Дометриан, задавший все вопросы, которые его интересовали, выпрямил ноги. Хотелось прилечь, но высокородное положение не позволяло. Он и так сидел неподобающе. Лета заметила его метания.

— Растянись же ты во весь рост, Archas, — тепло проговорила она. — Сегодня можно.

— Пожалуй, не стоит, — покачал головой Дометриан, усаживаясь ровно. Он почувствовал, что кровь снова стала сочиться из раны на руке. — Так, а что сказал тебе верховный маг Радигост?

— Он сказал мне, что моя помощь в снятии заклятия будет увековечена в истории и их книгах, — бросила она, косясь на Дометриана. — Здорово, да?

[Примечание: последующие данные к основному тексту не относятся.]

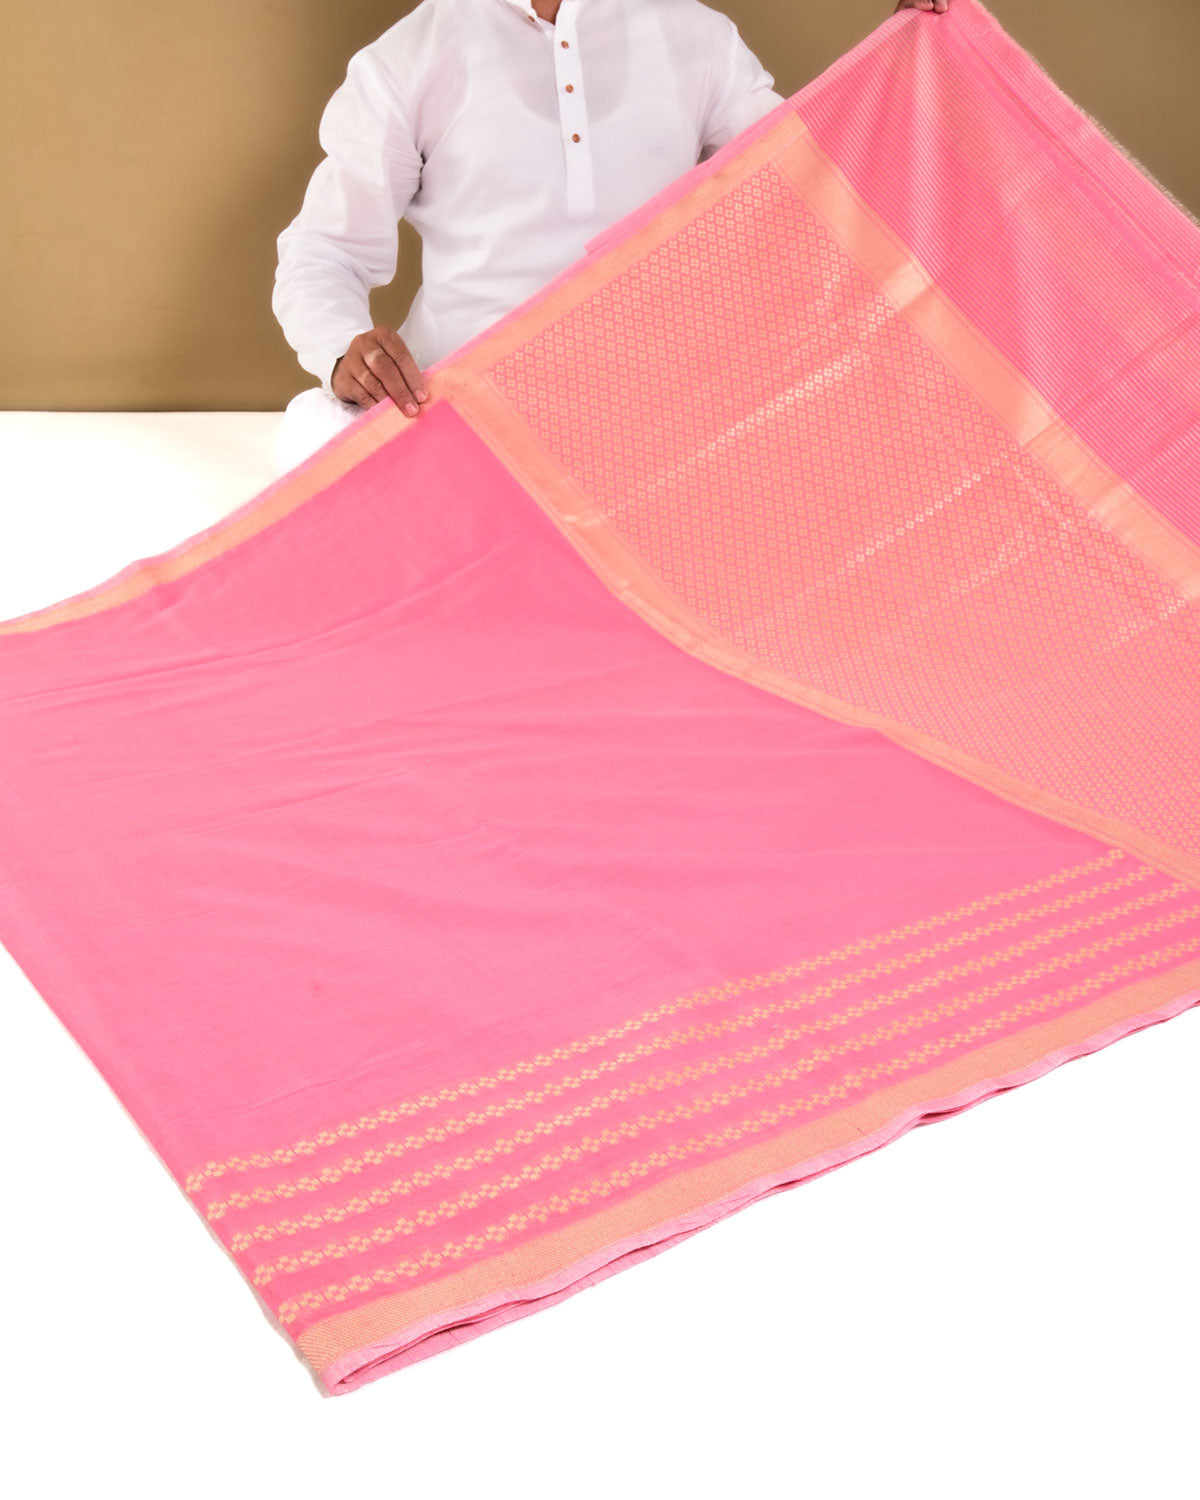 Pink Banarasi Gold Zari Cutwork Brocade Handwoven Cotton Silk Saree with Horizontal Grid - By HolyWeaves, Benares

— Это хорошо. Это действительно хорошо, — мотнул головой Дометриан. — Теперь Твердолик не сможет причинить тебе вреда. Никто не одобрит такого поступка по отношению к царскому отпрыску и спасительнице мира по совместительству.

Лета улыбнулась, чем приятно удивила Дометриана.

— Слишком громко сказано. Слишком, — пробормотала она. — Я ведь просто спасала себя, потому что вопли банши угрожали моей жизни. Только всего. Я просто выполняла условия сделки, спасающей меня и Марка от виселицы после той драки в таверне. Которой могло и не быть, если бы не моя ненависть к людям. Всего этого могло не быть…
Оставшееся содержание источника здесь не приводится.